--- START ---
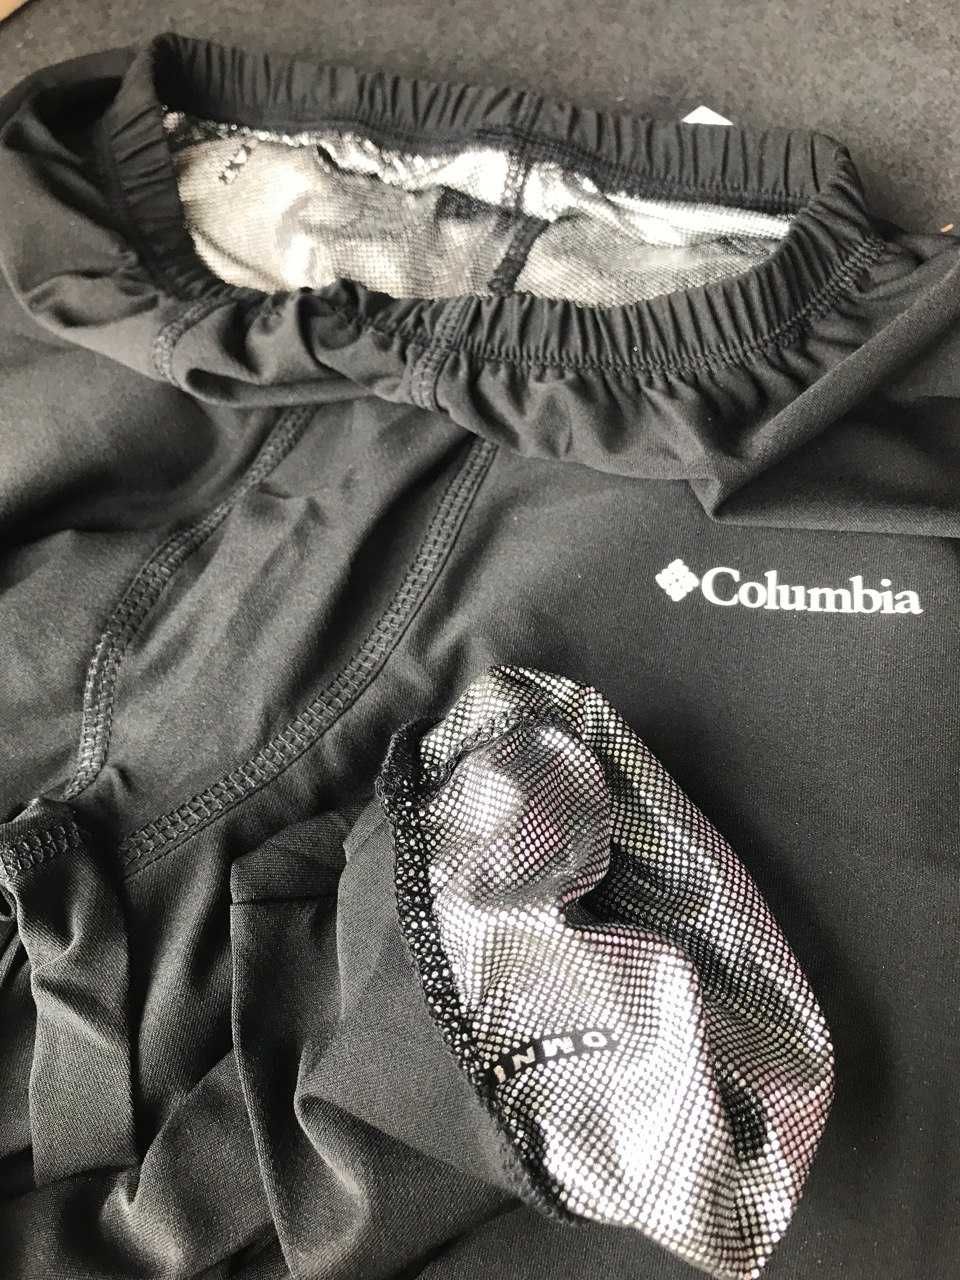 Зимова зігріваюча термобілизна Columbia Омні Хіт, Термобельё Коламбия
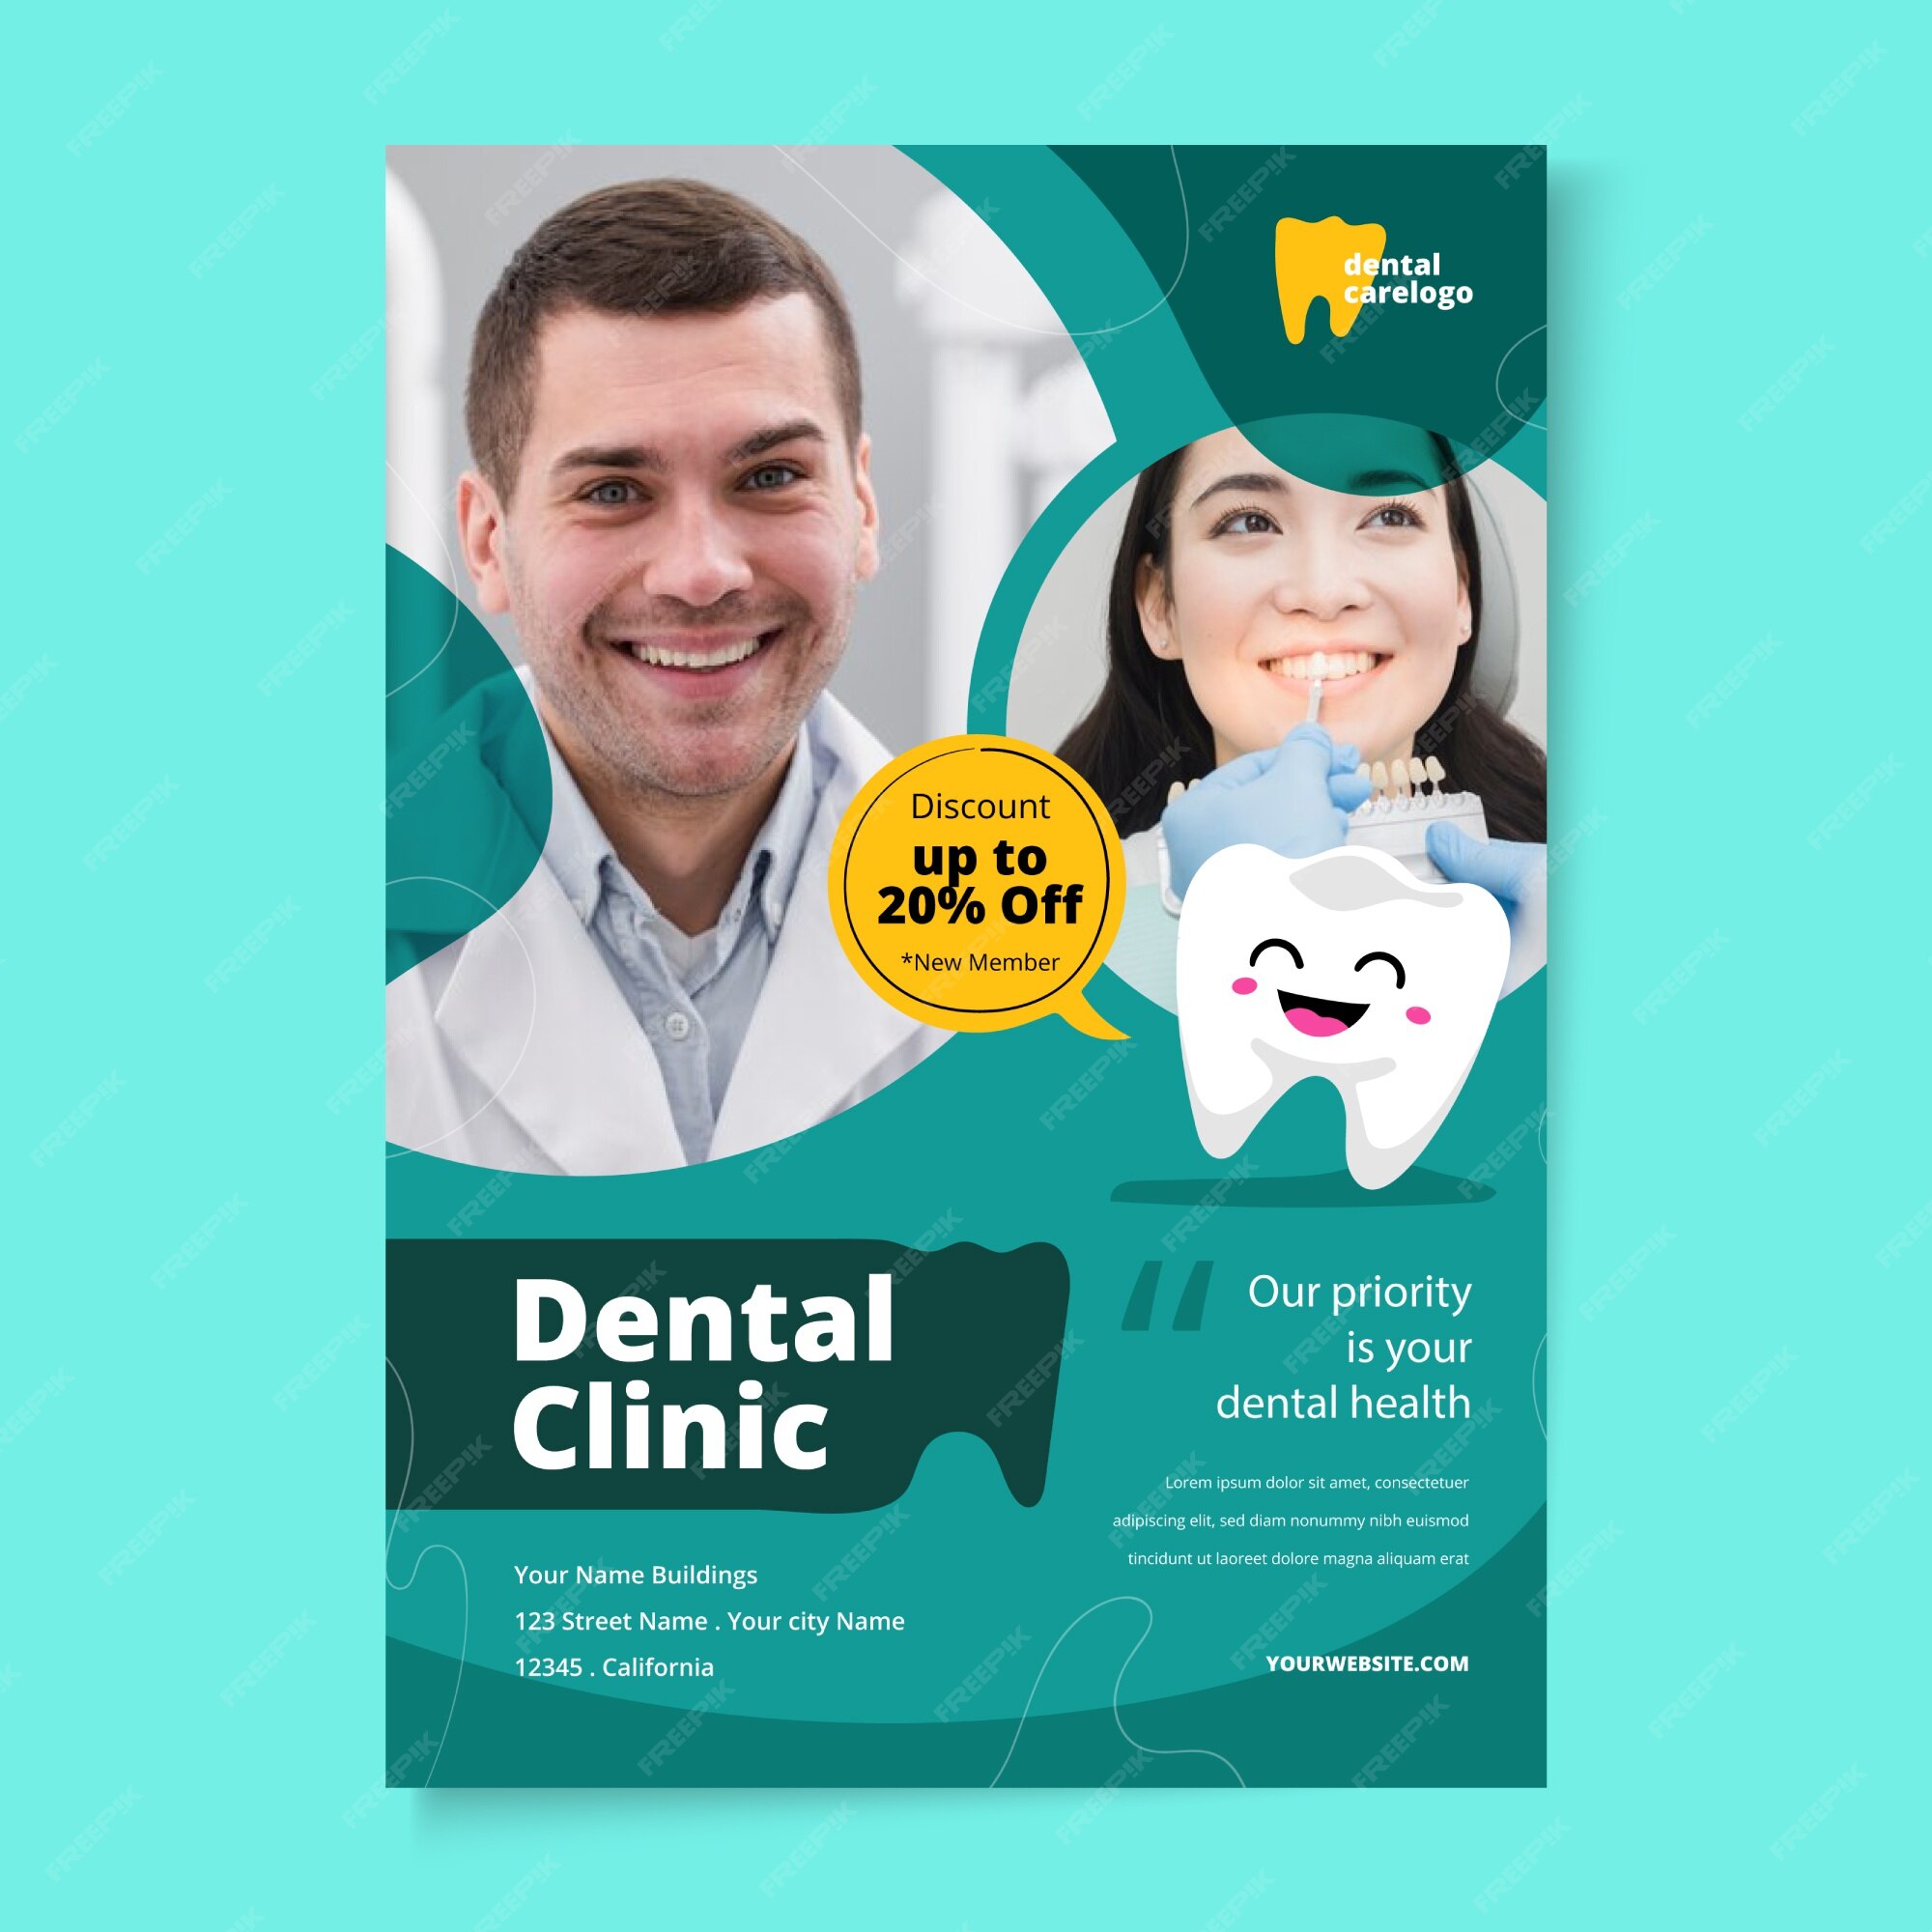 Dentist Flyer Images - Free Download on Freepik
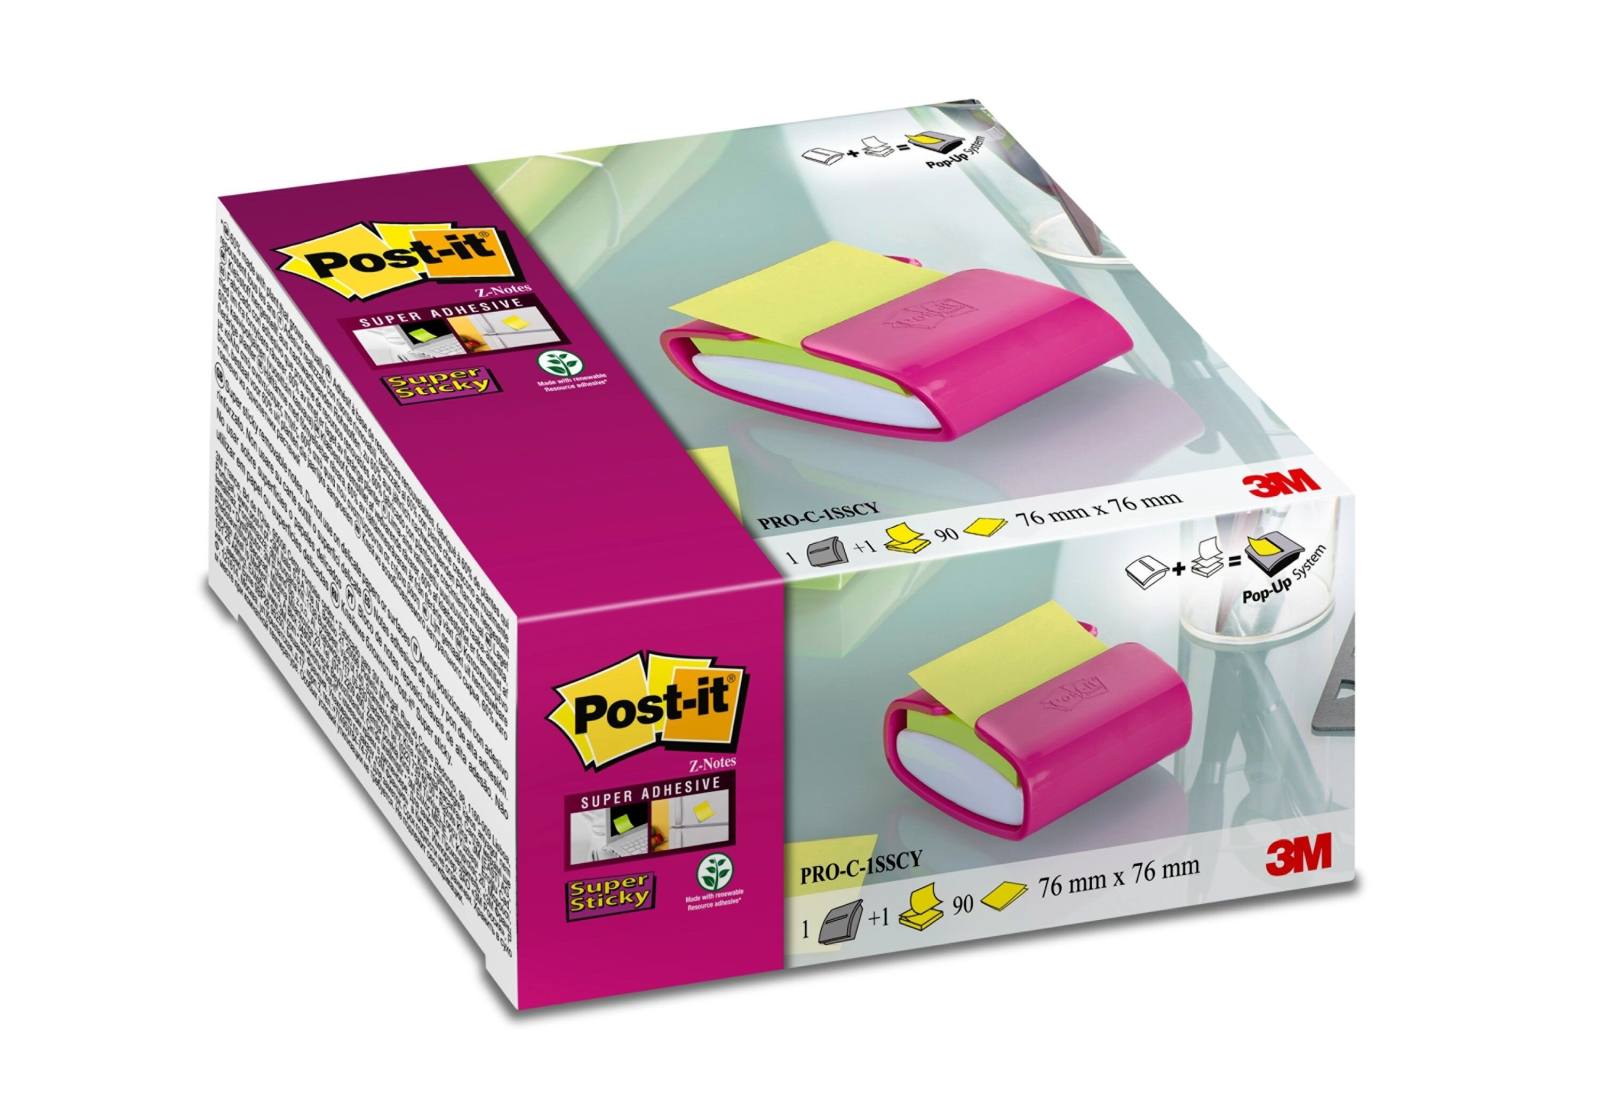 3M Post-it Super Sticky Z-Notes dispenser PRO-F1NG, 86 mm x 46 mm x 103 mm, fuchsia, 1 Z-Notes dispenser, 1 pad of 90 sheets
--- END ---
• _Directions_: The required output is every line from the one containing "Dentist Flyer Images" through the last line of the data above, restated exactly and without pictures.

• _Answer for the task_:
 Dentist Flyer Images - Free Download on Freepik
 3M Post-it Super Sticky Z-Notes dispenser PRO-F1NG, 86 mm x 46 mm x 103 mm, fuchsia, 1 Z-Notes dispenser, 1 pad of 90 sheets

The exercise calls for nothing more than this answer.